%%

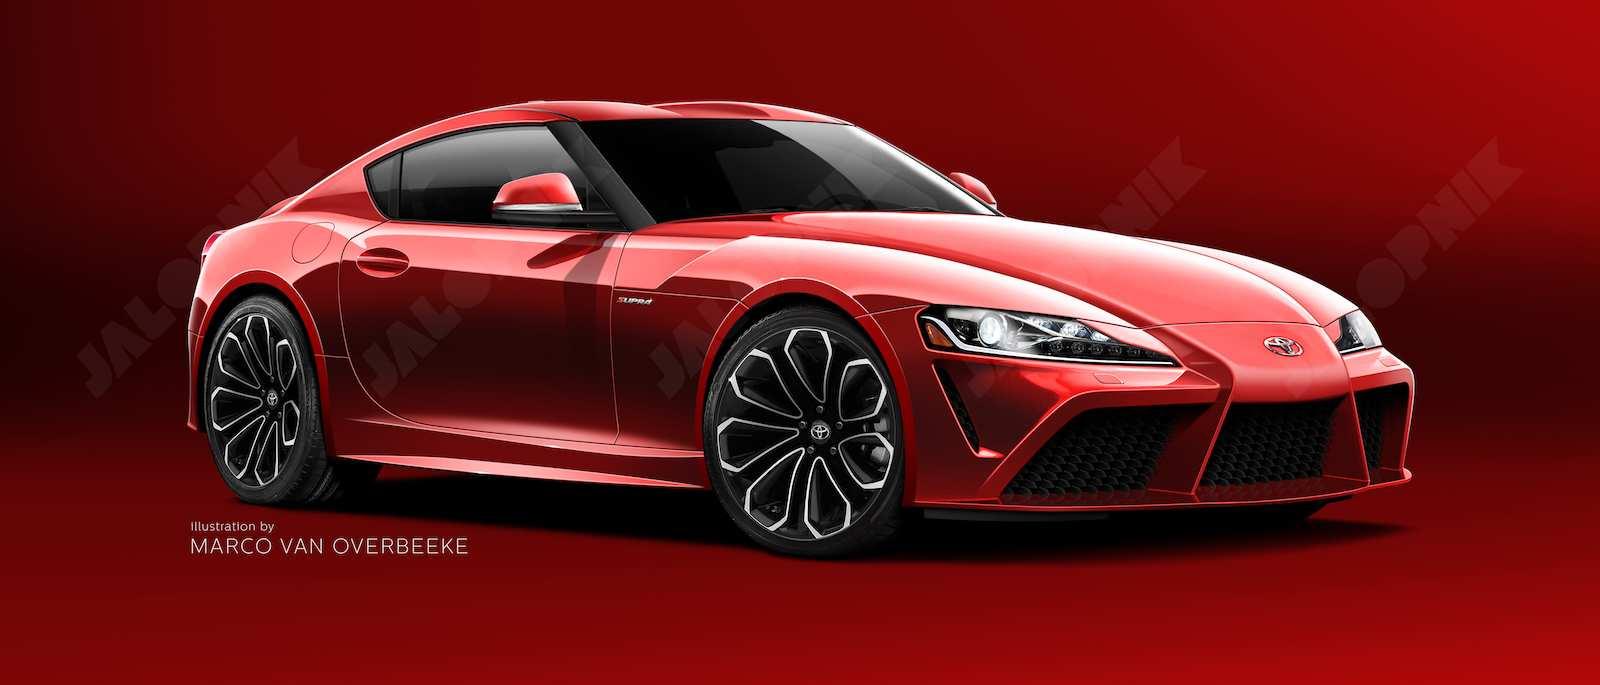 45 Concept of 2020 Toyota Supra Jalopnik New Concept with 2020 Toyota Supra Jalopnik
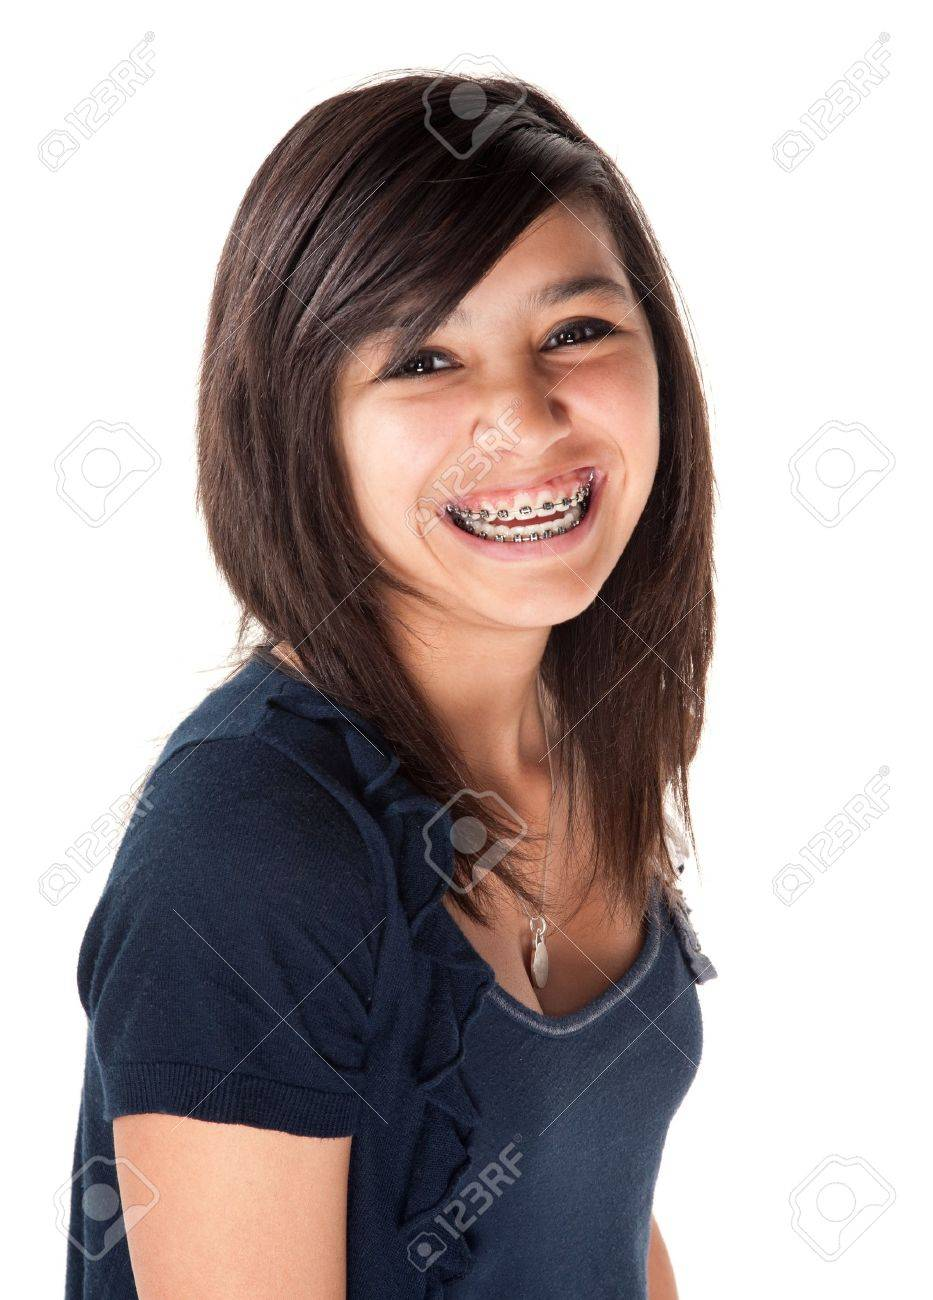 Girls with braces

%%
%%

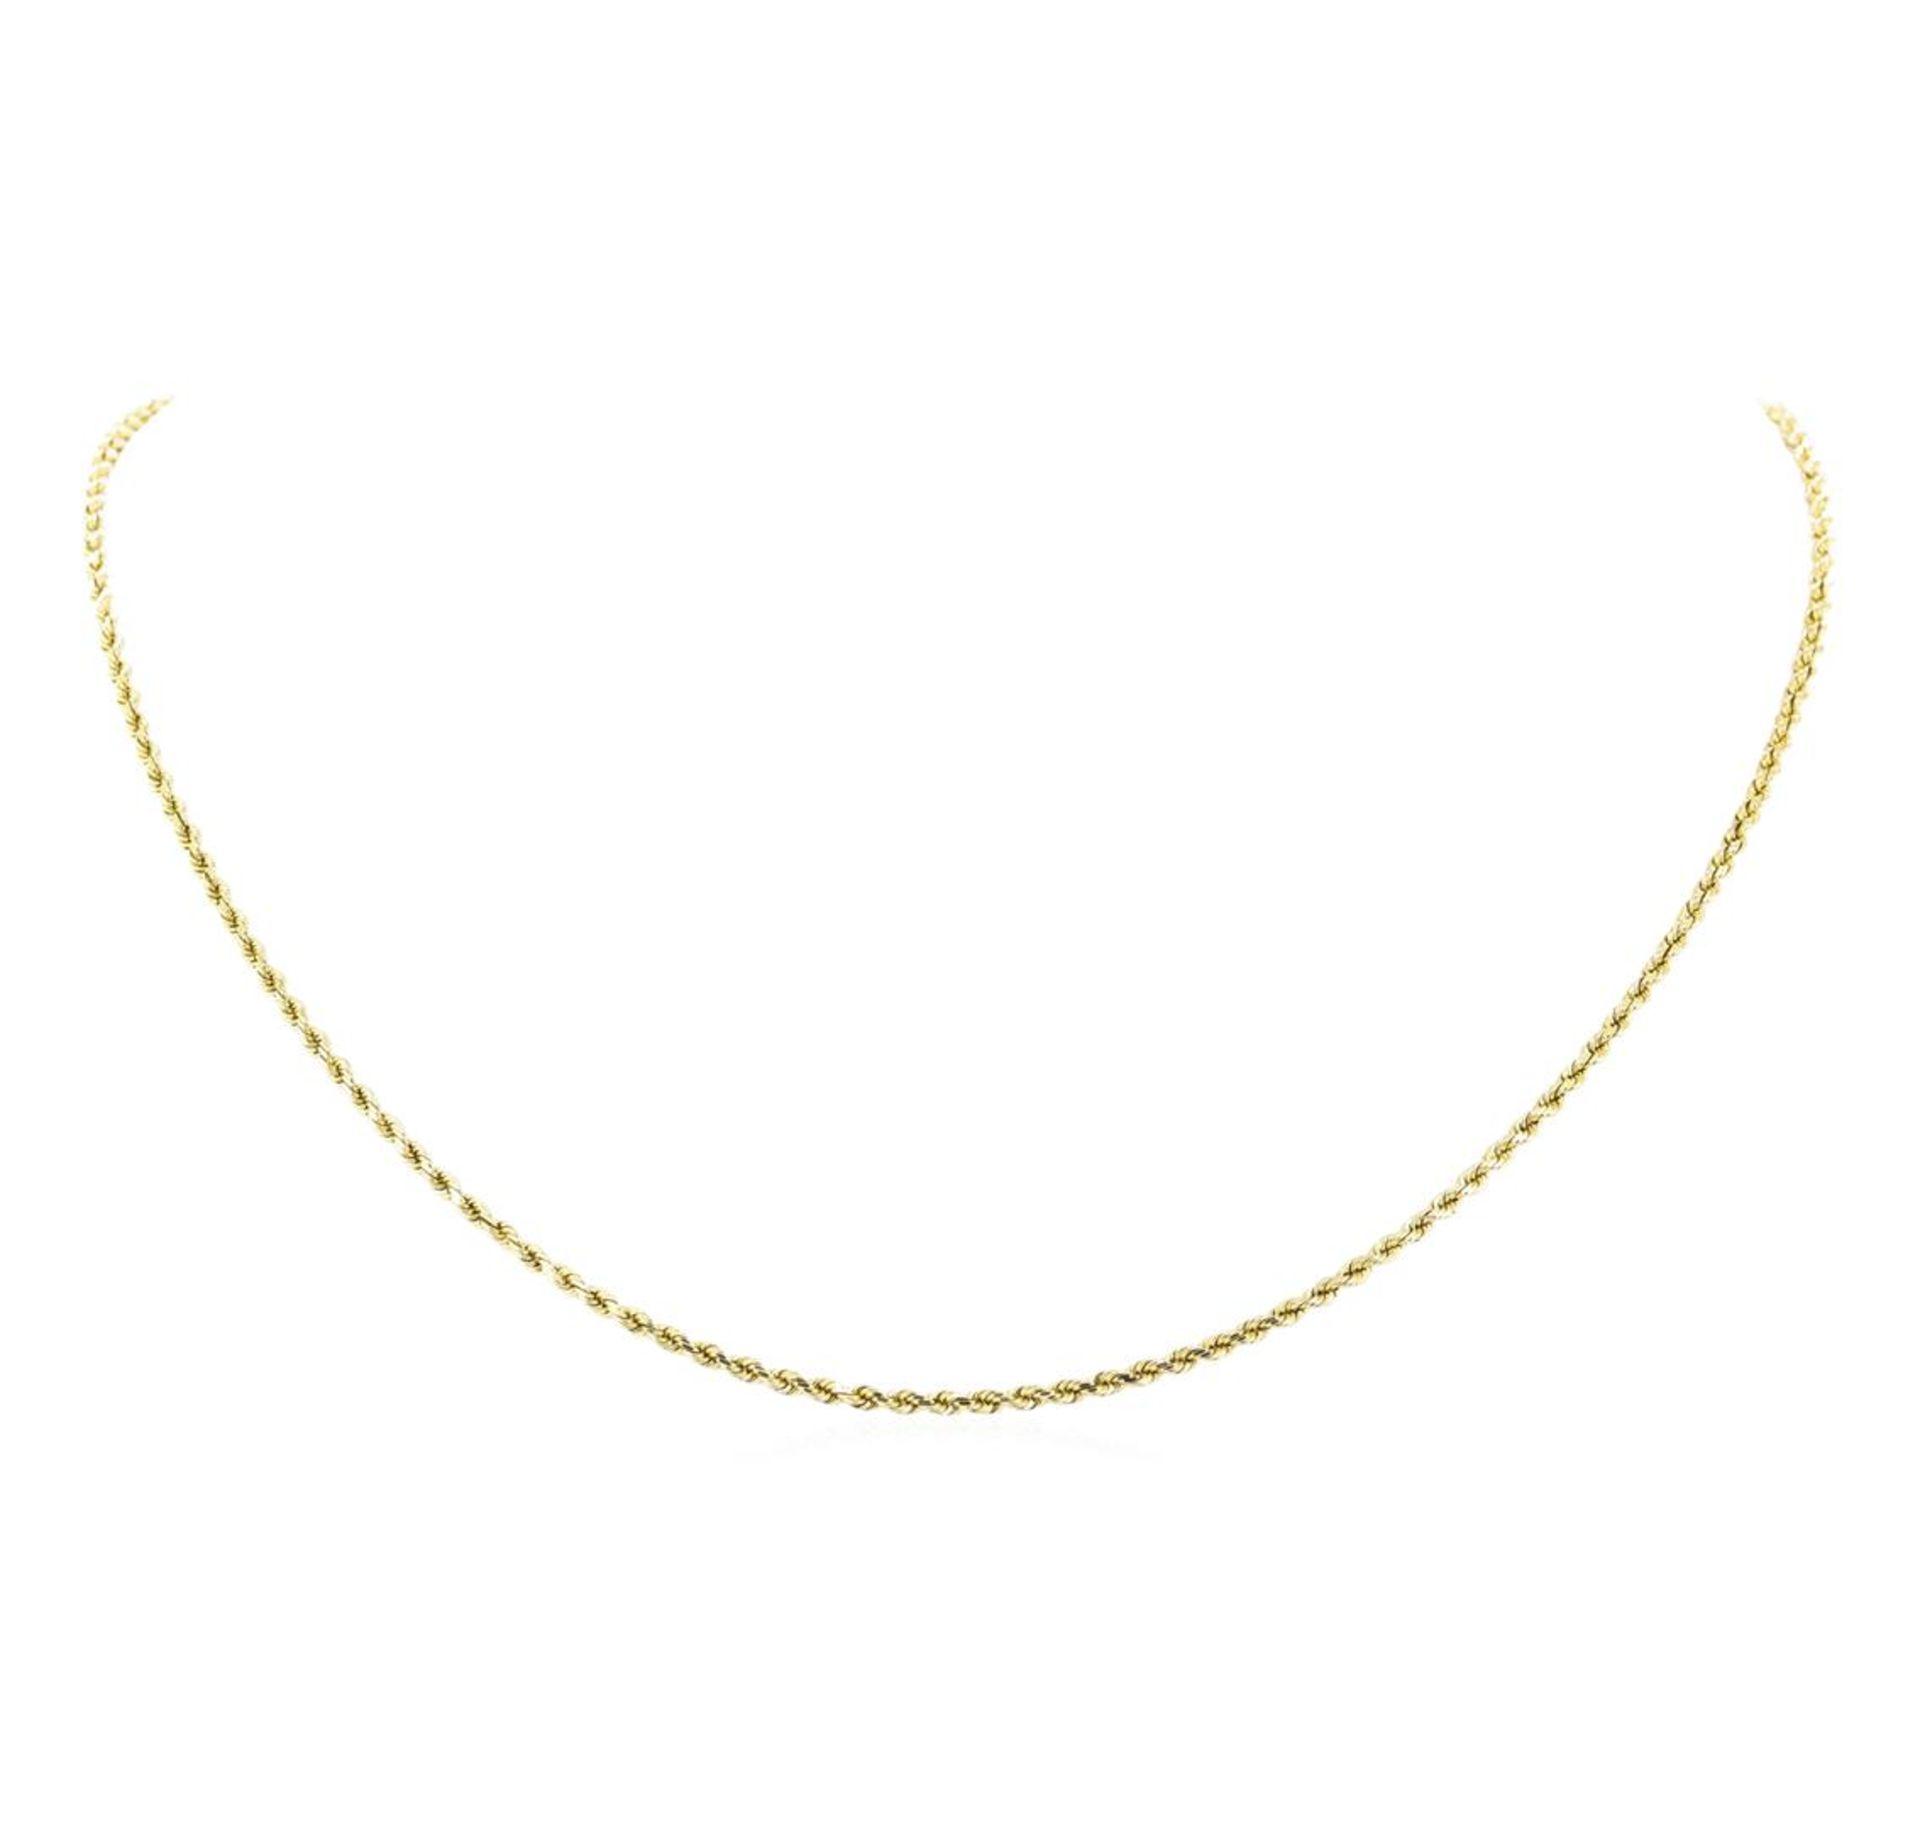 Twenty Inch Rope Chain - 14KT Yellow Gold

%%
%%

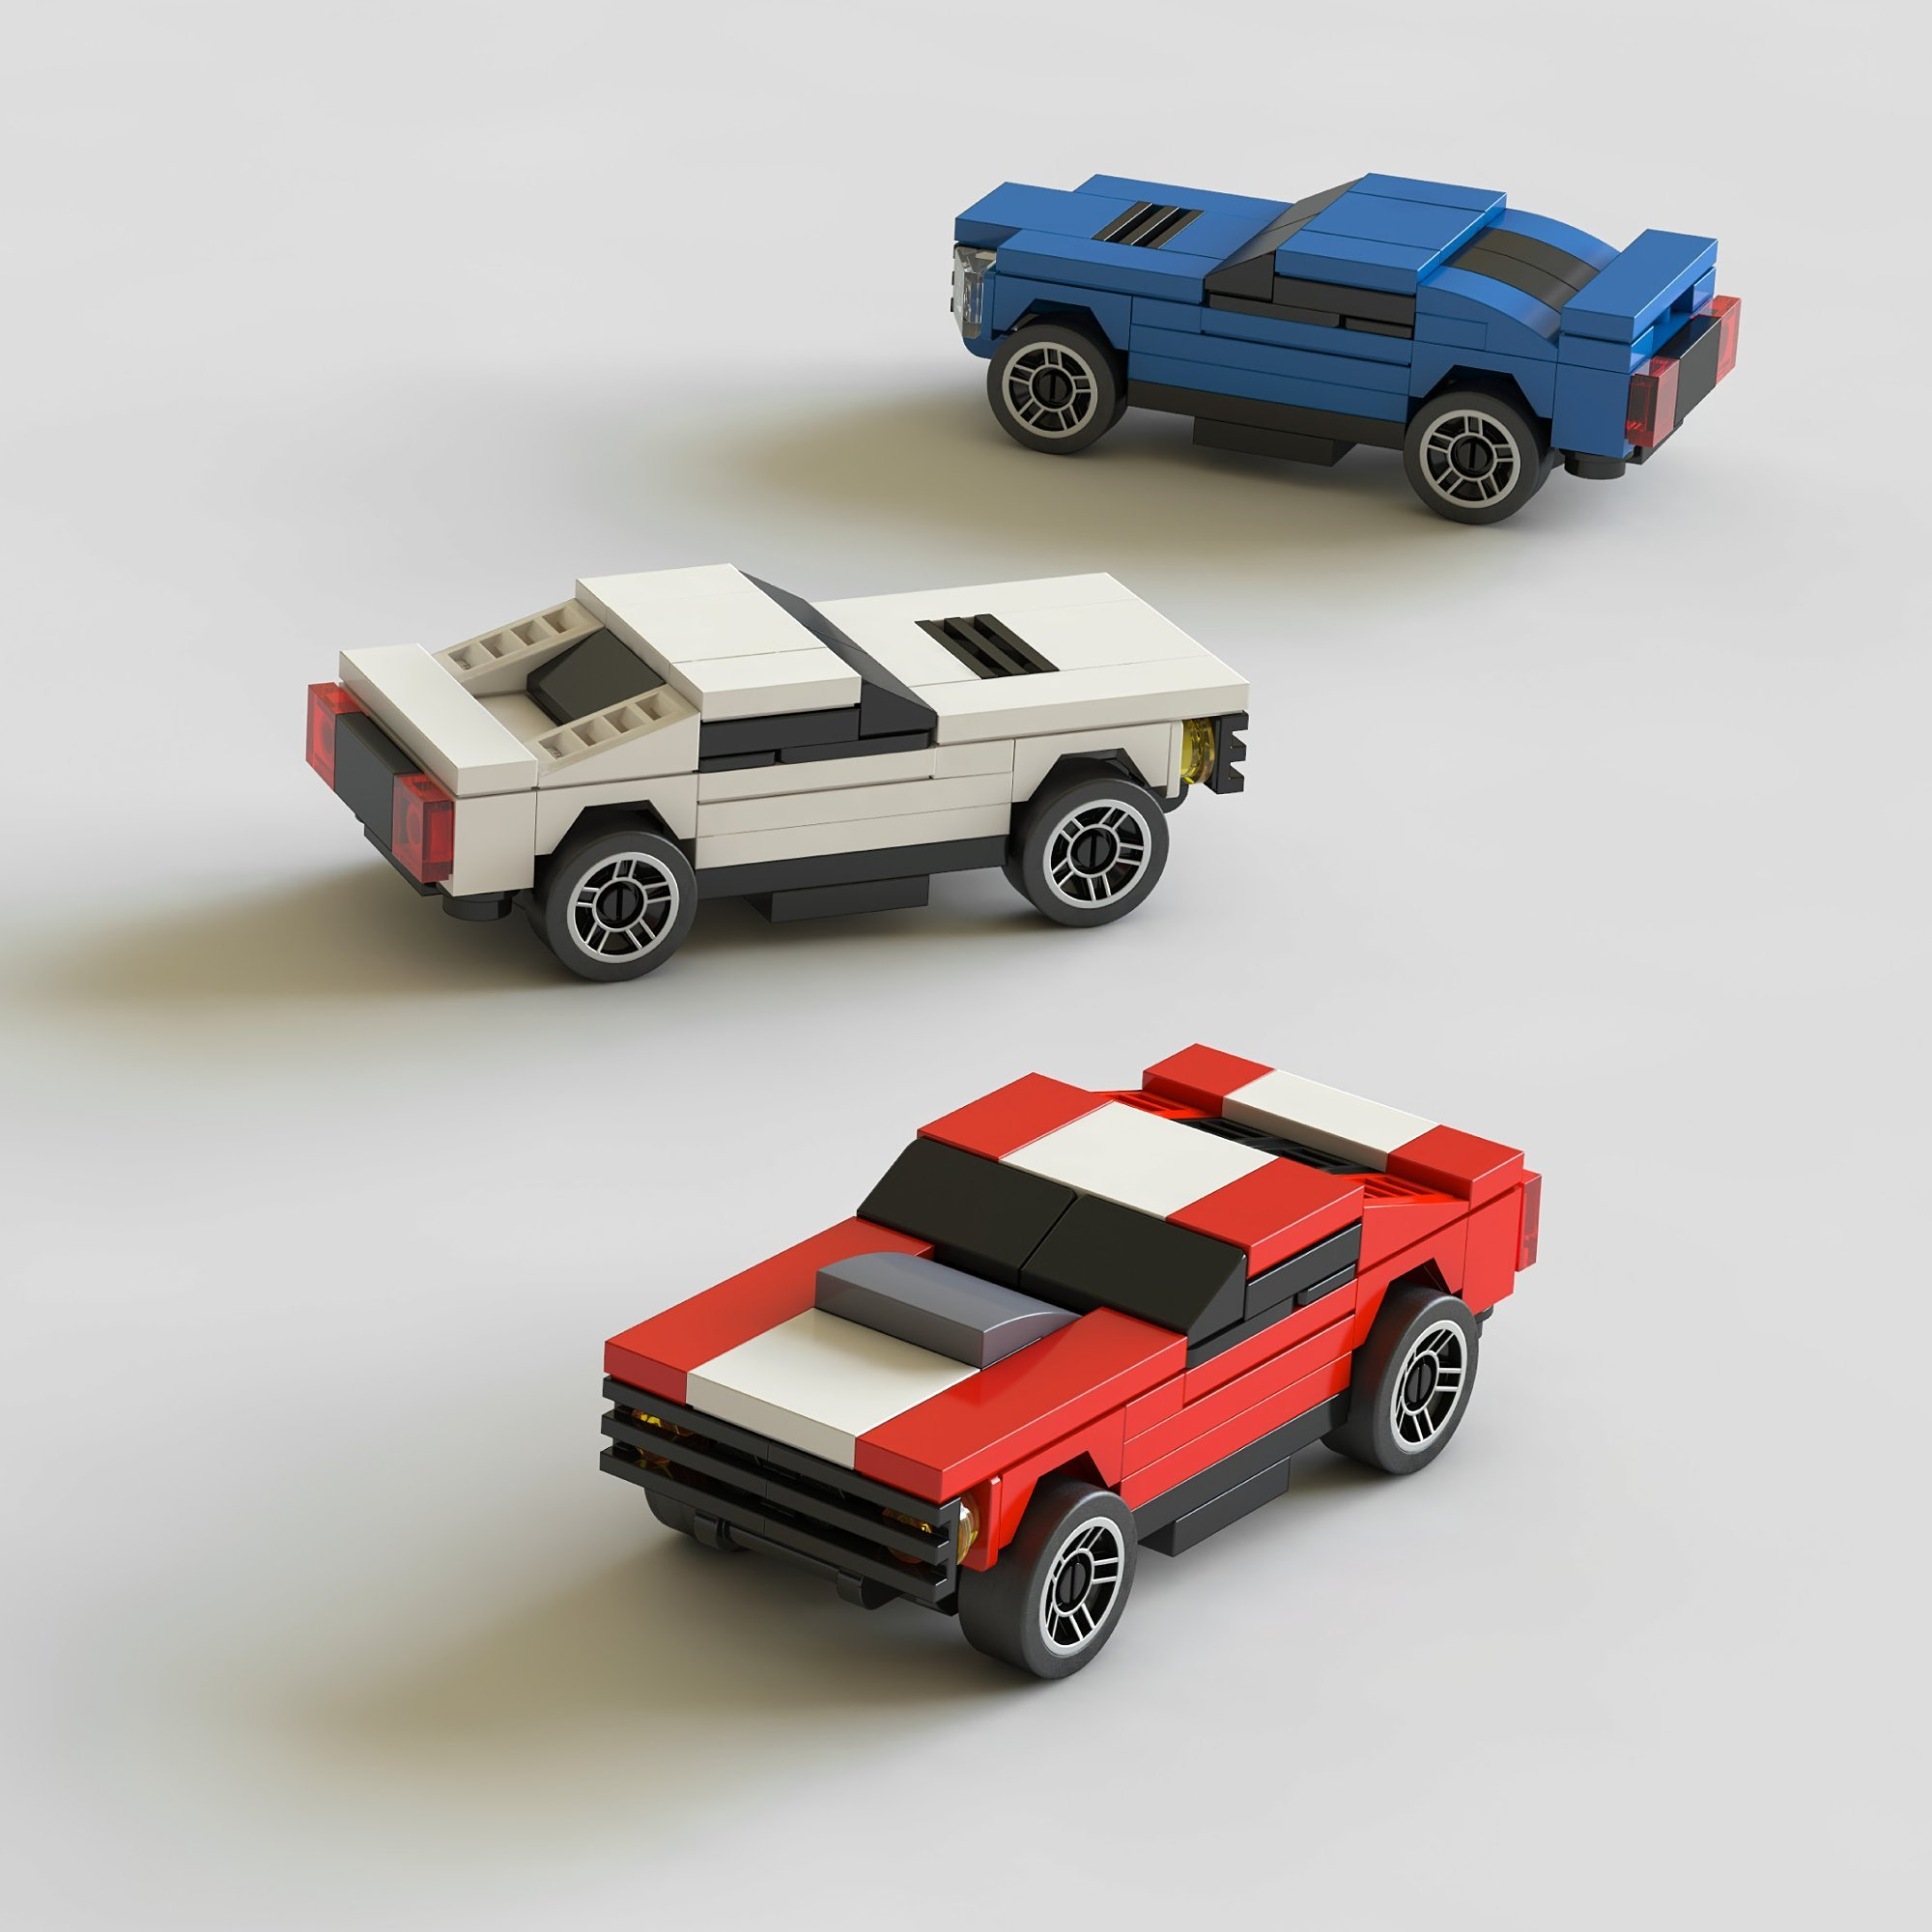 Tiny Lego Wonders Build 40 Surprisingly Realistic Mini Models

%%

REQUIRED ACTION: From the listing above, repeat only the lines between the line containing "45 Concept of" and the line containing "Girls with braces", those two included. Pictures are not part of the copy.

WRITTEN RESPONSE:
 45 Concept of 2020 Toyota Supra Jalopnik New Concept with 2020 Toyota Supra Jalopnik
 Girls with braces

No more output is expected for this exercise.